Tobacco smoking among South Africans in recent years, has decreased largely due to the increase in the precaution of the dangers of smoking and enforcement of stricter legislation on the tobacco industry. In 1996, the provinces with the highest percentage and prevalence of smoking include Northern Cape (55%), Western Cape (48%) and North-West (46%). However, the number of smokers still remains stagnant. Despite the efforts to bring awareness to the risks that come with smoking, there is still a high prevalence of tobacco use in South Africa; and it is a major contributor to morbidity and mortality.

Statistics 
As more significant studies are published on smoking and second handing inhalation of smoke, the South African public has become more educated on the dangers of smoking. This has led to the overall decline in number of smokers and thus number of related deaths. Currently, approximately 50,000 South Africans die per year due to the effects smoking such as an increased risk for lung cancer and cardiovascular disease. In 2000 approximately 34,108 males and 10,306 females died due to the various consequences of smoking. According to the latest South African National Health and Nutrition Examination Survey in 2012 only about 16.4% of South Africans smoked which is a substantial drop from 32% in 1993. This decrease is attributed to legislation which led to restrictions in advertisement, and an increase tobacco prices. However, a Youth Risk Behavior Survey found that 21% of students in grades 8-11 smoke. This shows little to no change between 2002 and 2008.

Legislation

The Tobacco Products Control Act (1993) 

In order to combat the dangers of smoking, legislation has been increasingly put into place in order to deter the public from smoking. Beginning in 1993 with the Tobacco Products Control Act, South African began to pass legislation to in order to protect the public. It was fully implemented and enforced in 1995, meaning smoking in public places became some-what regulated. In addition, the act prohibited some aspects of advertisement, the promotion of tobacco products, and the publicity of a sponsorship is prohibited. Merchandise containing tobacco may be visible when being sold, however customers are not allowed to handle the products prior to the purchase. Labeling was limited in some aspects, however was not heavily regulated until 1999. Notably the act prohibited the sale of tobacco products to minor under the age of 16.

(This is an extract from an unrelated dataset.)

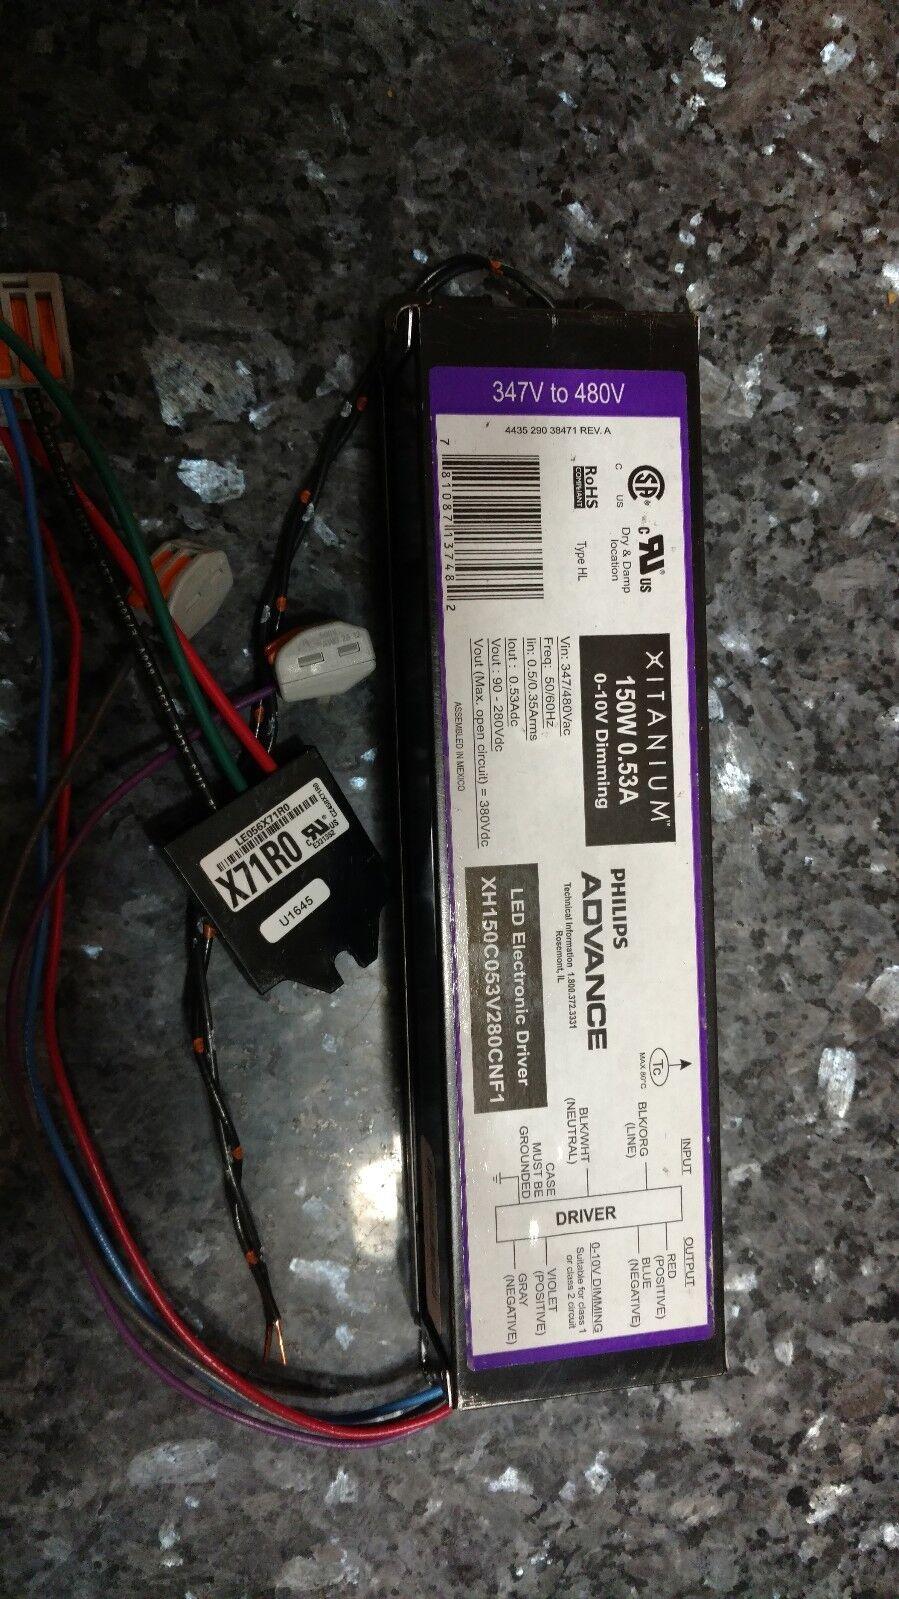 120-277VAC 150W Philips Advance LED Driver LED-INTA-0530C-280-DO

Tobacco Products Control Amendment Act (1999) 
The Tobacco Products Control Act of 1993 was considered to be incomplete and incomprehension, and in 1999 the South African government passed the Tobacco Products Control Amendment Act. This created stricter regulations for public smoking and banned smoking in public places such as restaurants, the work place and public transport. Being set into motion in 2001 the act prohibited all forms of tobacco advertising and promotion. Additionally, the act suggests penalties for those who transgress the law. The act also places a limit on the permissible levels of nicotine and tar.